Unfortunately mw.language:isRTL is also expensive (it needs to load the language file for the given language), so mw.html:inLanguage would also be expensive if it set dir to anything other than auto (but auto is dumb, it’s unable to handle mixed-directionality text, which often happens, as content may not be 100% translated).

The only non-expensive solution here is the static mw.language.bcp47, so I think that should be implemented (others can be implemented as convenience functions, but not as only solutions).

Hm, that’s a very good point. Let’s just limit this task to mw.language.bcp47() for now, then?

My only caution is that using strings to represent languages can be quite error-prone, given that there are different "string codes" floating around for the same language. In an ideal world, I'd say you should create a light-weight language object in lua that you can pass around without actually invoking mw.language.new (or bump the maxLangCacheSize only when actually loading the language file, not simply when creating the object). ::getBcp47Code() (or ::getHtmlCode()) and ::getCode() can be invoked on that lightweight object to make it clear which code you are using, and similarly, mw.language.newFromBcp47() and mw.language.newFromMw() would make it clear which "type of string" you are using to create the language object.

Introducing a lightweight also makes sense, although I don’t think mw.language.newFromBcp47() would be used a lot – usually the language comes from MediaWiki (page language, content language, {{int:lang}} hack etc.), and then converted to BCP47 for usage in HTML attributes, not the other way round. In an ideal world, MediaWiki would just use BCP47 language codes instead of inventing different ones for some languages…

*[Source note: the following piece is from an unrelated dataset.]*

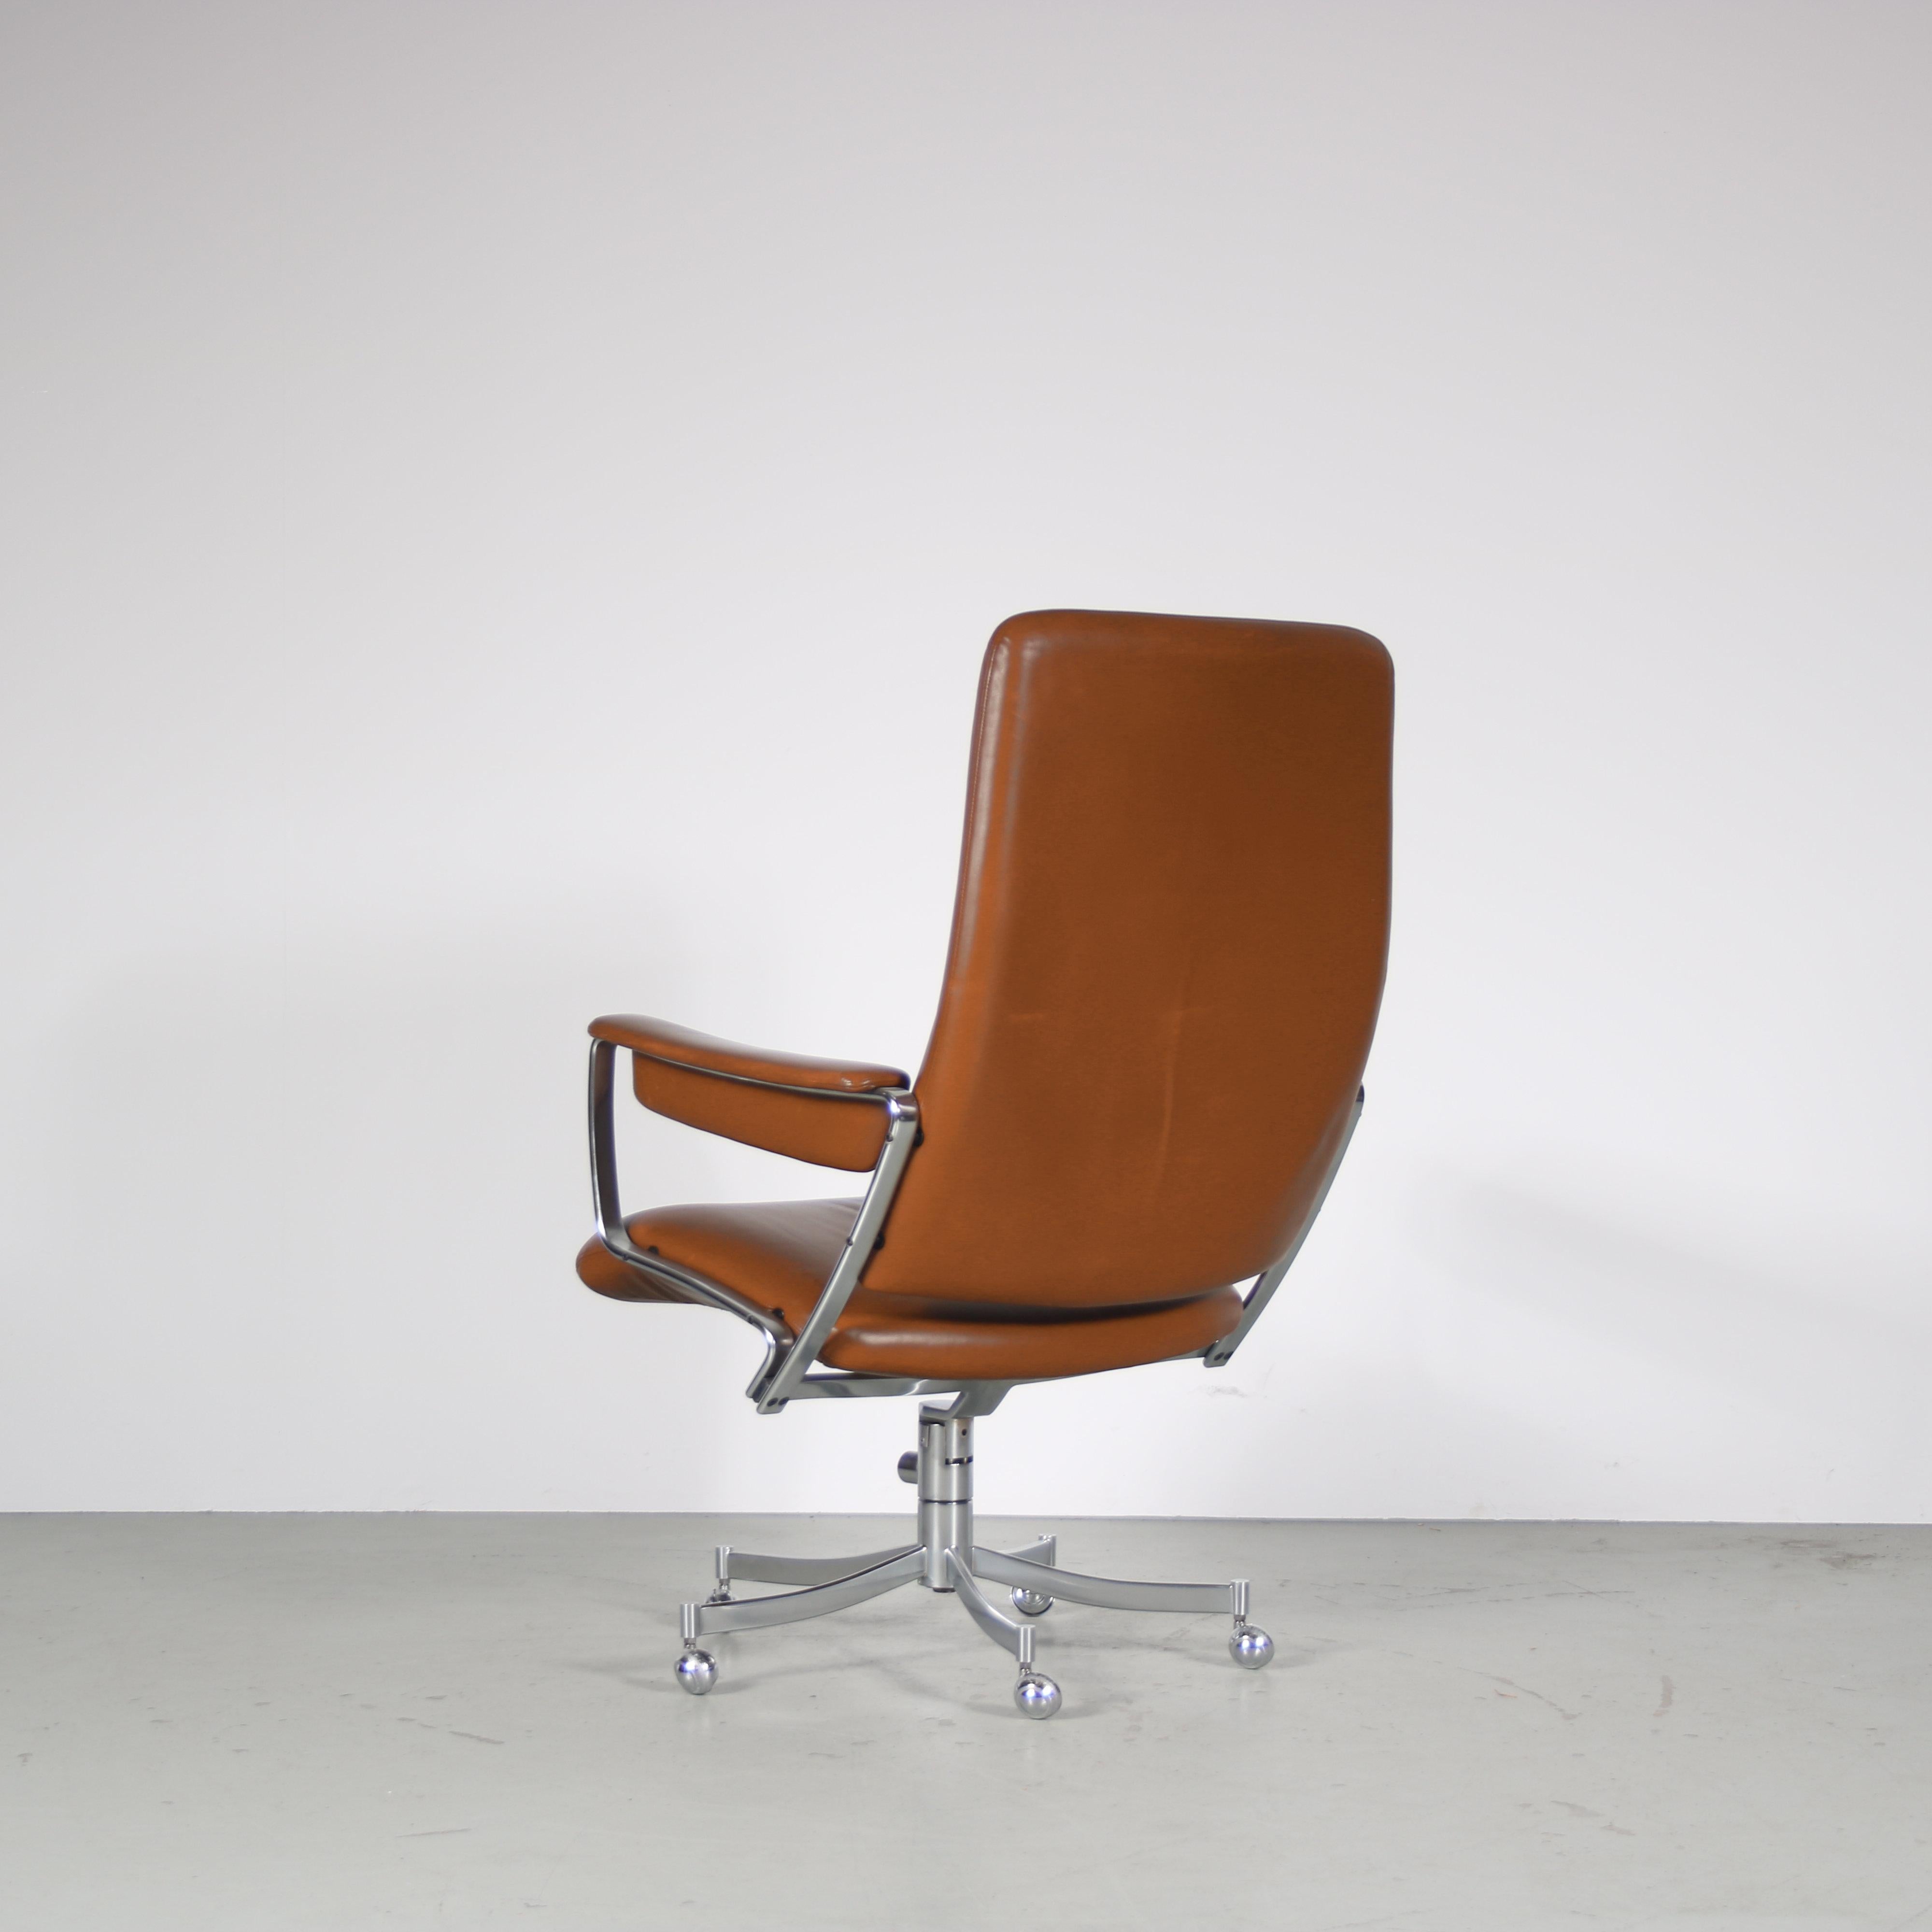 Metal Jorgen Kastholm “JK760” Desk Chair for Kill International, Germany 1970

Apparently @cscott recently added toBcp47Code(), but as a non-static instance method.

I think the expensiveness argument from earlier needs to be reevaluated anyway, though, in light of T342418: Speed up Language creation – both creating a language and looking up its RTL flag should be fast now, as far as I’m aware. (But I don’t know if Scribunto was updated for that or if it still includes it in the expensive function count.)

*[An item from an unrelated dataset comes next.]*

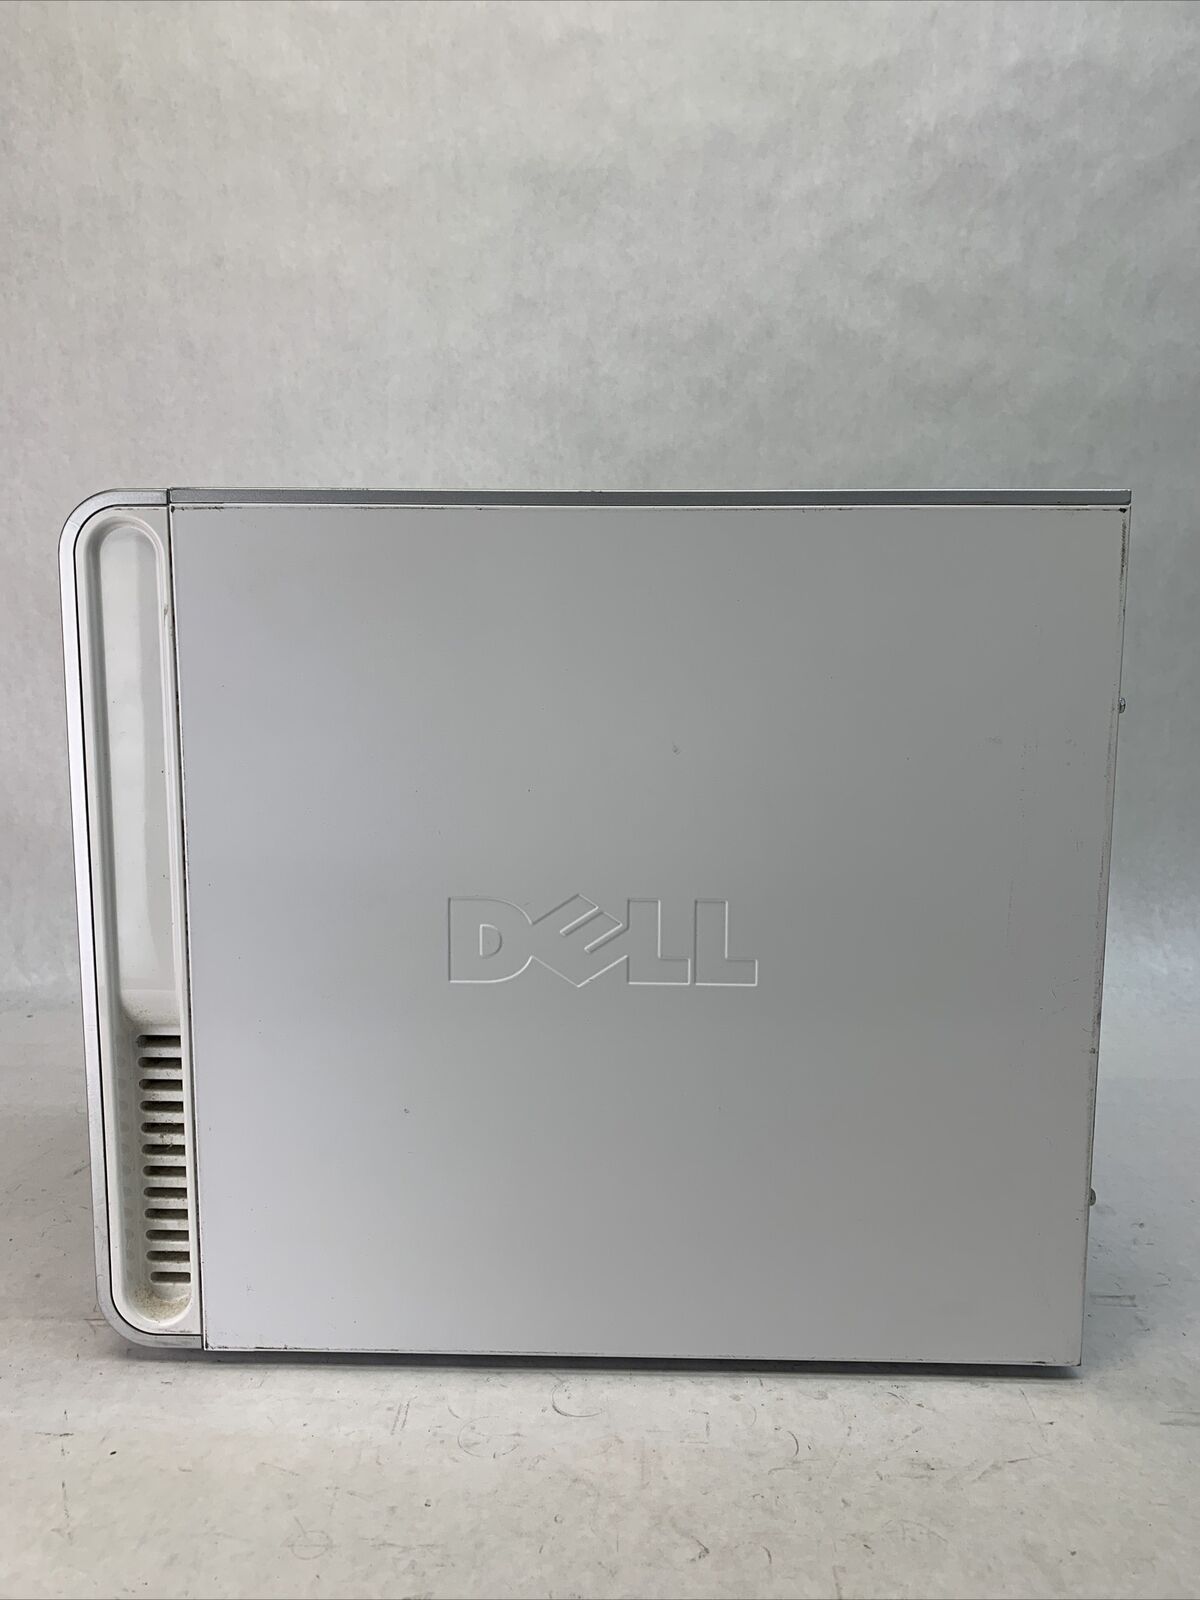 Dell Inspiron 531 MT AMD Sempron LE-1300 2.3GHz 2GB RAM No HDD No OS

Apparently @cscott recently added toBcp47Code(), but as a non-static instance method.

I’ve already used it, forgetting about the fact that it supposedly doesn’t exist. 🙂

I think the expensiveness argument from earlier needs to be reevaluated anyway, though, in light of T342418: Speed up Language creation – both creating a language and looking up its RTL flag should be fast now, as far as I’m aware. (But I don’t know if Scribunto was updated for that or if it still includes it in the expensive function count.)

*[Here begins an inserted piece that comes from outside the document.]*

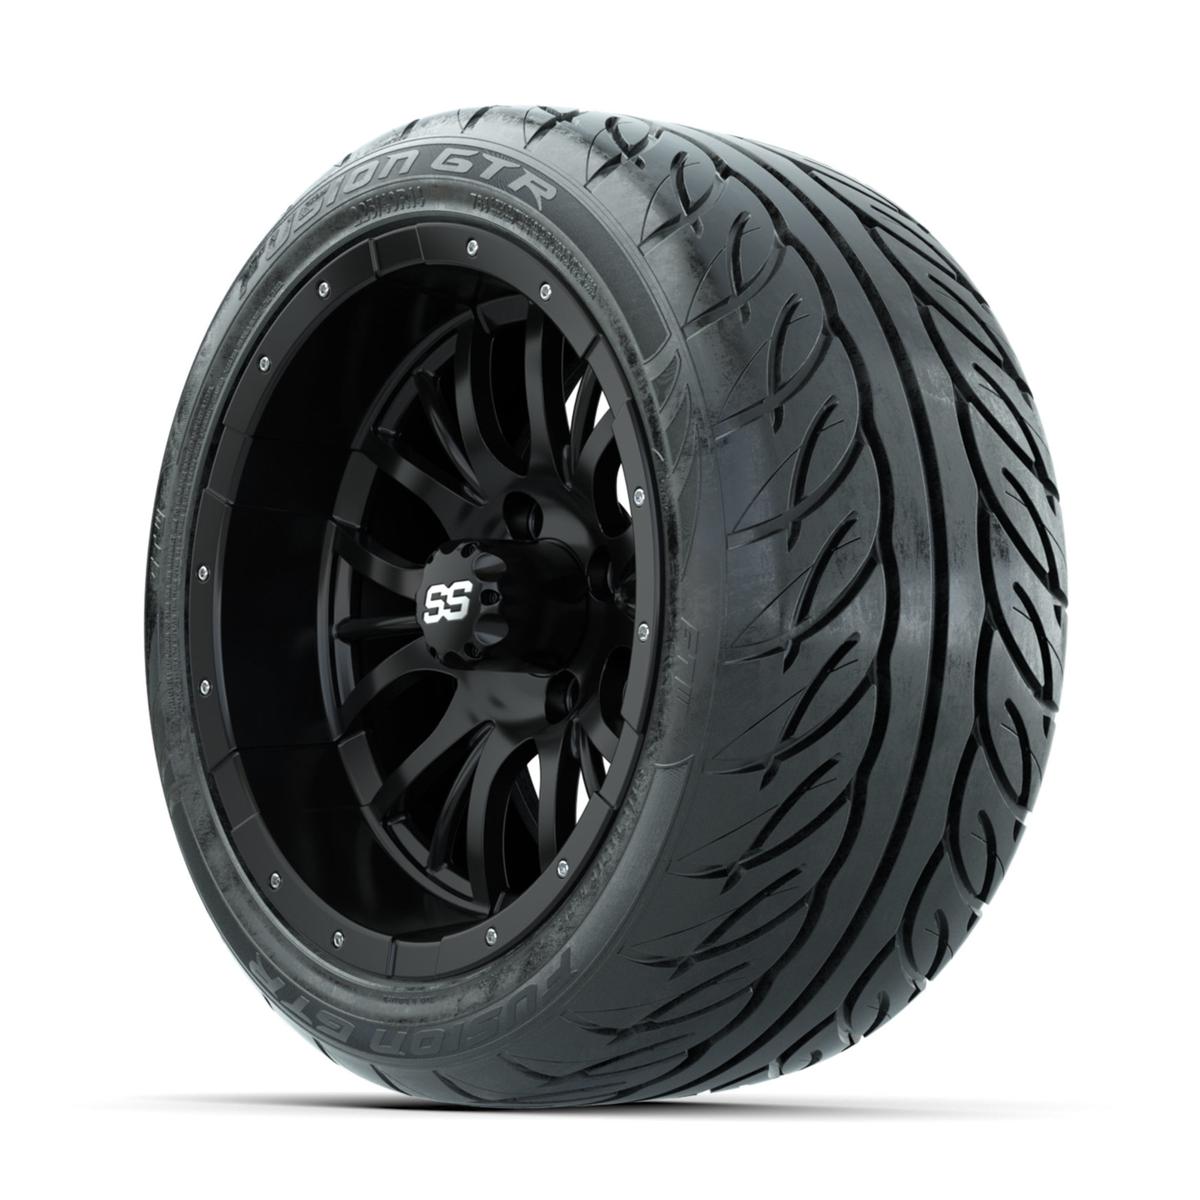 GTW Diesel Matte Black 14 in Wheels with 225/40-R14 Fusion GTR Street Tires – Full Set

Creating a new language object is not an “expensive parser function” as tracked by the core parser (I don’t know if it has ever been one, but definitely wasn’t when I wrote T310581#8002337). It uses a separate counter, which still defaults to 30, but has been 200 in WMF production since T85461.

Apparently @cscott recently added toBcp47Code(), but as a non-static instance method.

I’ve already used it, forgetting about the fact that it supposedly doesn’t exist. 🙂

Yeah, that’s how I found it :D

Michael subscribed.

I wonder if this has some overlap with T253387?

Not really. Given simplewiki, T253387 should give simple and wikipedia, as simple is a valid “non-standard language code” (i.e. a language code that is known to MediaWiki but isn’t valid, or has a slightly different meaning, in BCP 47). Given simple, this task gives en-simple, which is the BCP 47 language tag for Simple English.